Goal of the exercise: Return the listing exactly, please; no pictures.

Material provided:
____________

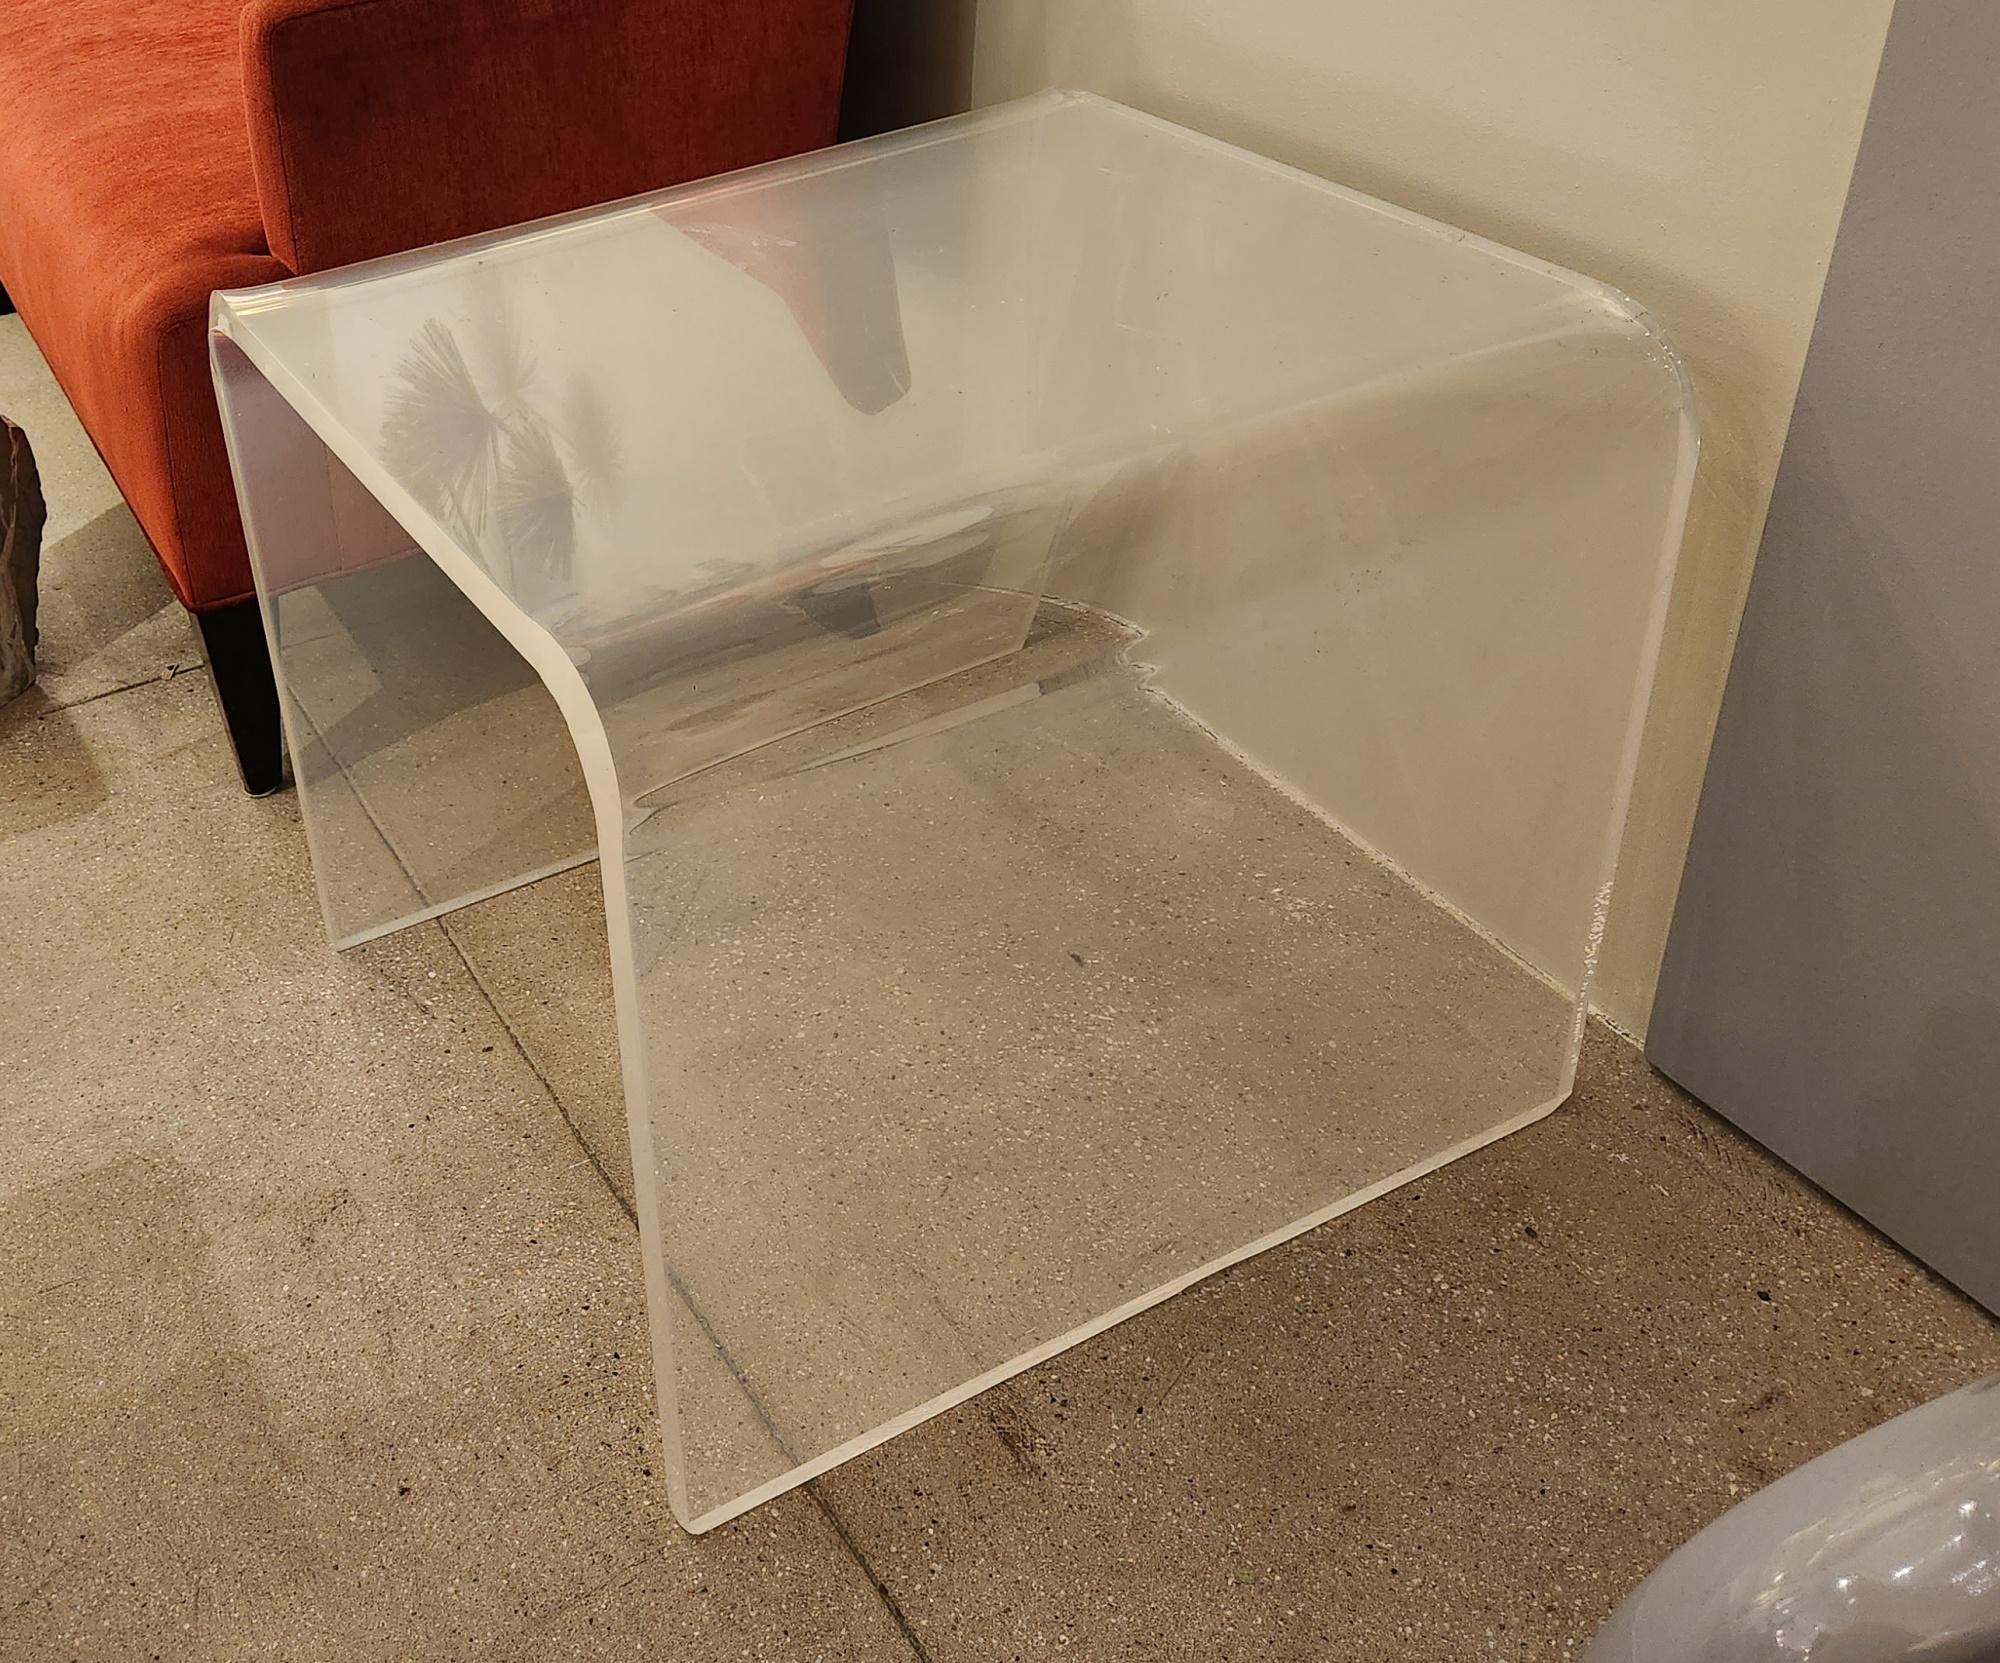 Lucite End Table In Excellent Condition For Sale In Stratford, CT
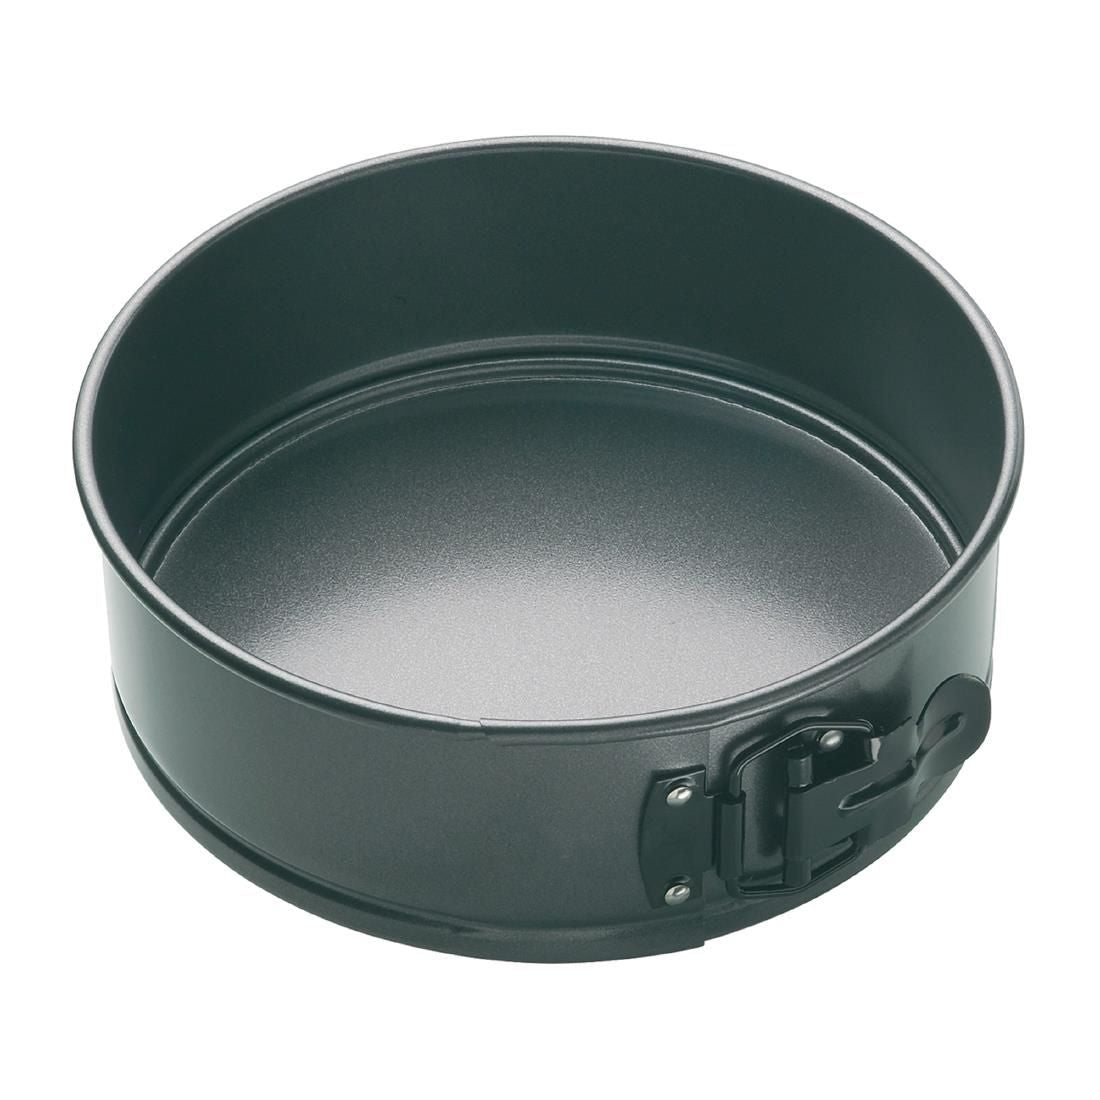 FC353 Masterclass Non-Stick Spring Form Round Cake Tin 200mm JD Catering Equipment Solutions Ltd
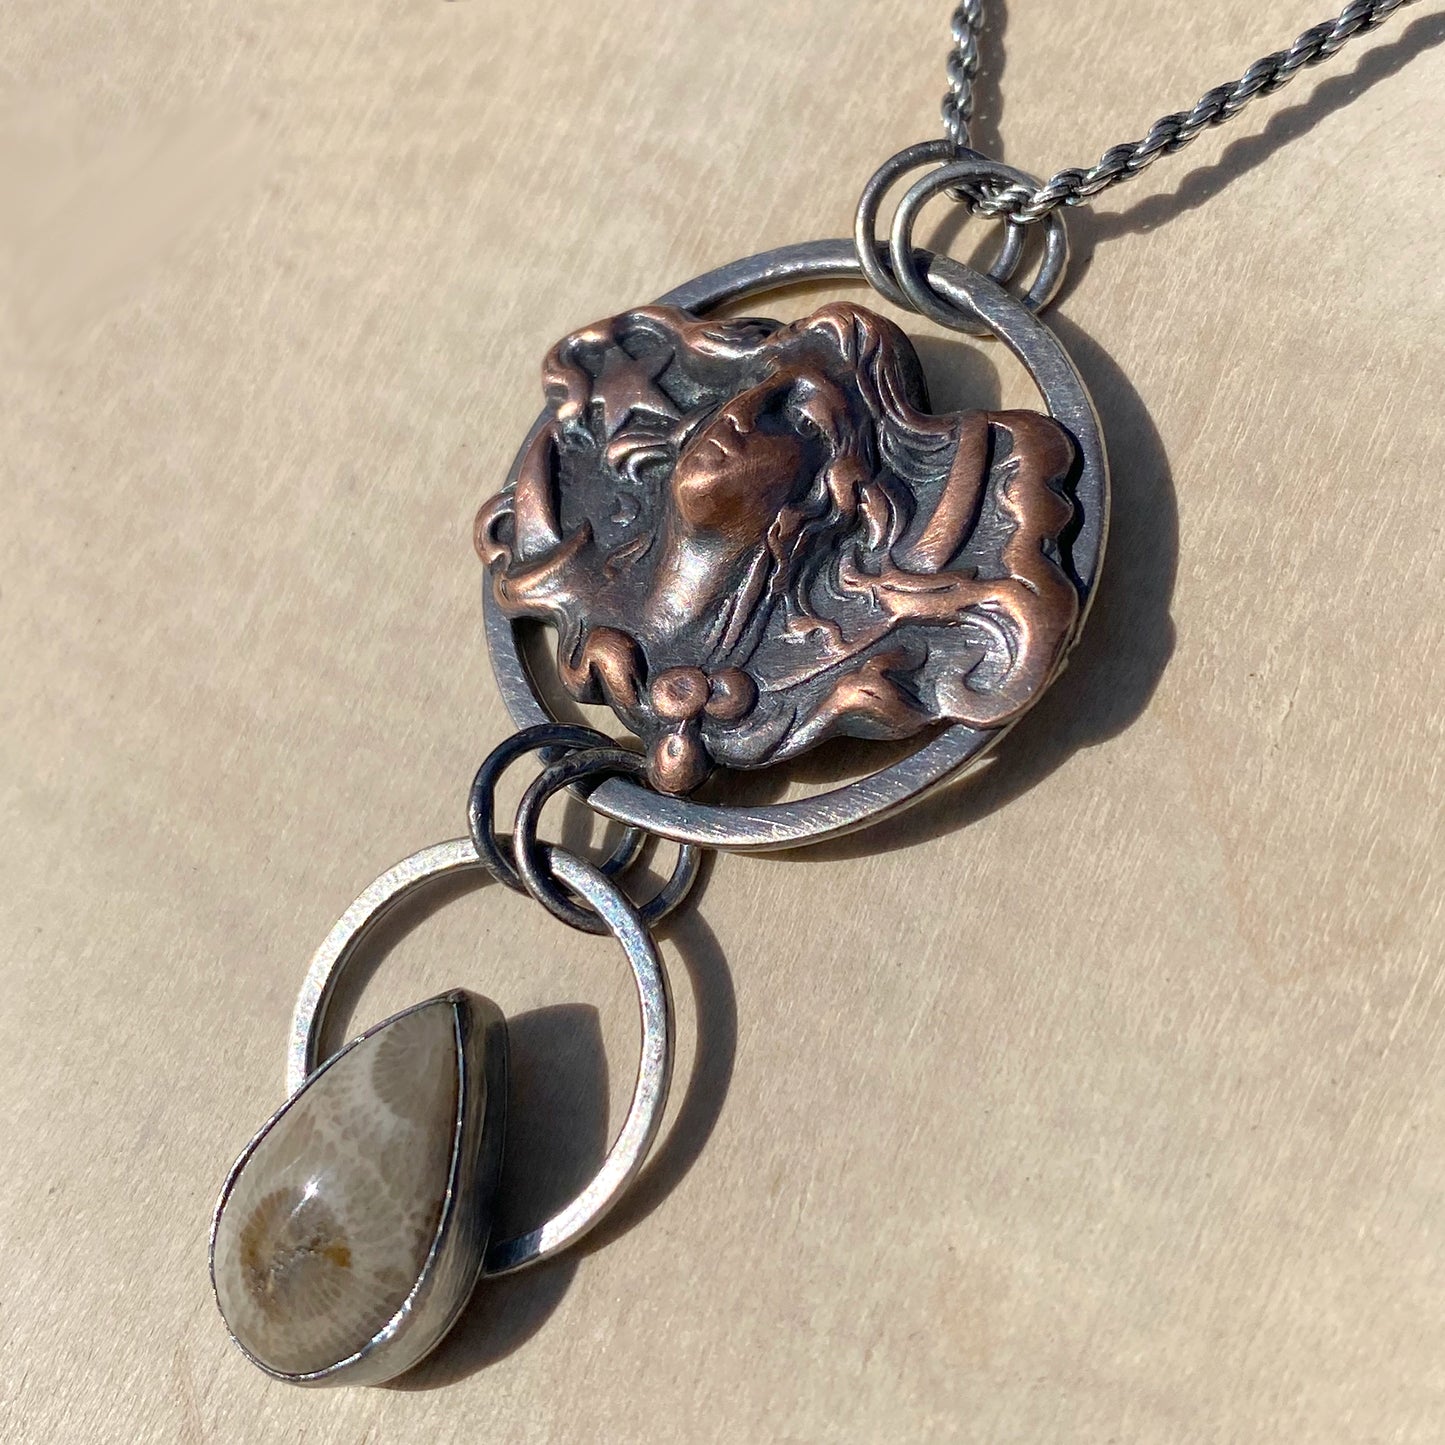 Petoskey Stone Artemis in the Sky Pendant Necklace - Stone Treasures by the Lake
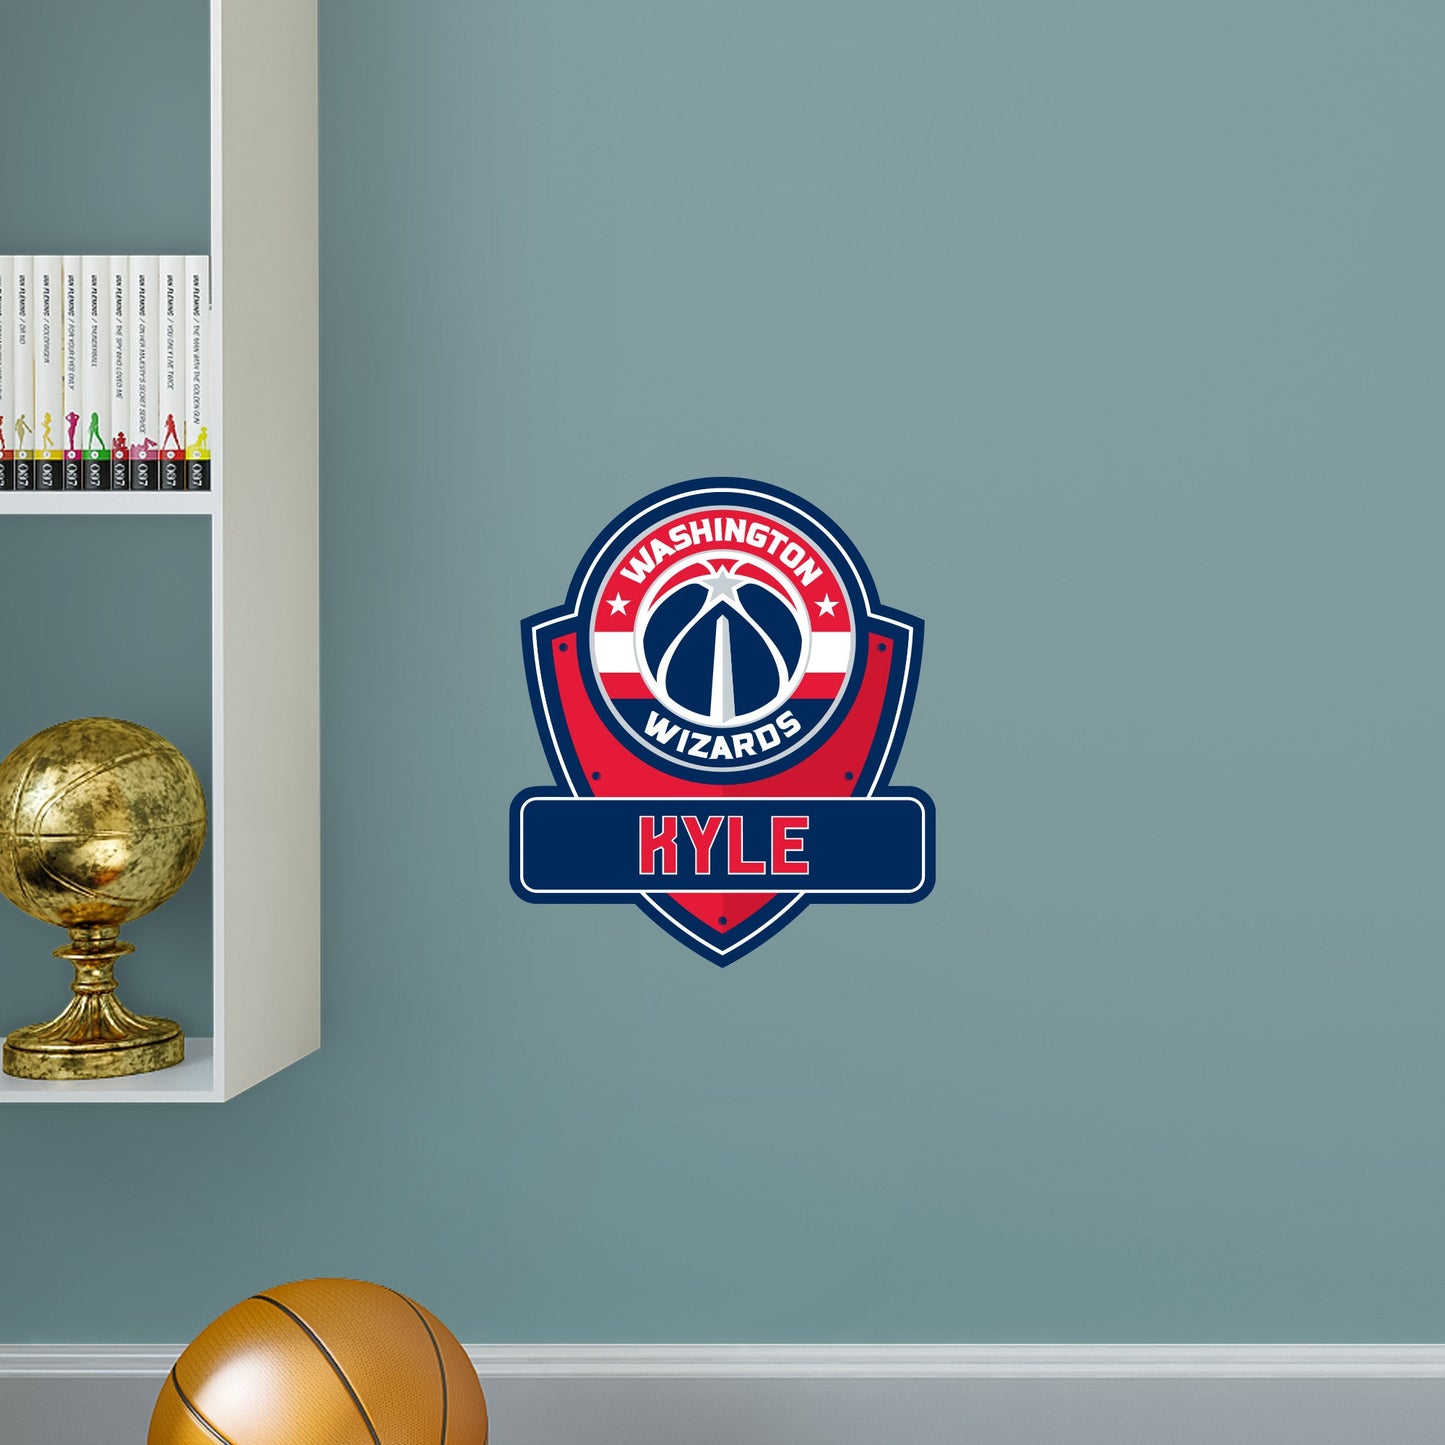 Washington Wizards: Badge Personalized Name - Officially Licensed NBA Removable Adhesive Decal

____________

Answer below:
 Lucite End Table In Excellent Condition For Sale In Stratford, CT
 FC353 Masterclass Non-Stick Spring Form Round Cake Tin 200mm JD Catering Equipment Solutions Ltd
 Petoskey Stone Artemis in the Sky Pendant Necklace - Stone Treasures by the Lake
 Washington Wizards: Badge Personalized Name - Officially Licensed NBA Removable Adhesive Decal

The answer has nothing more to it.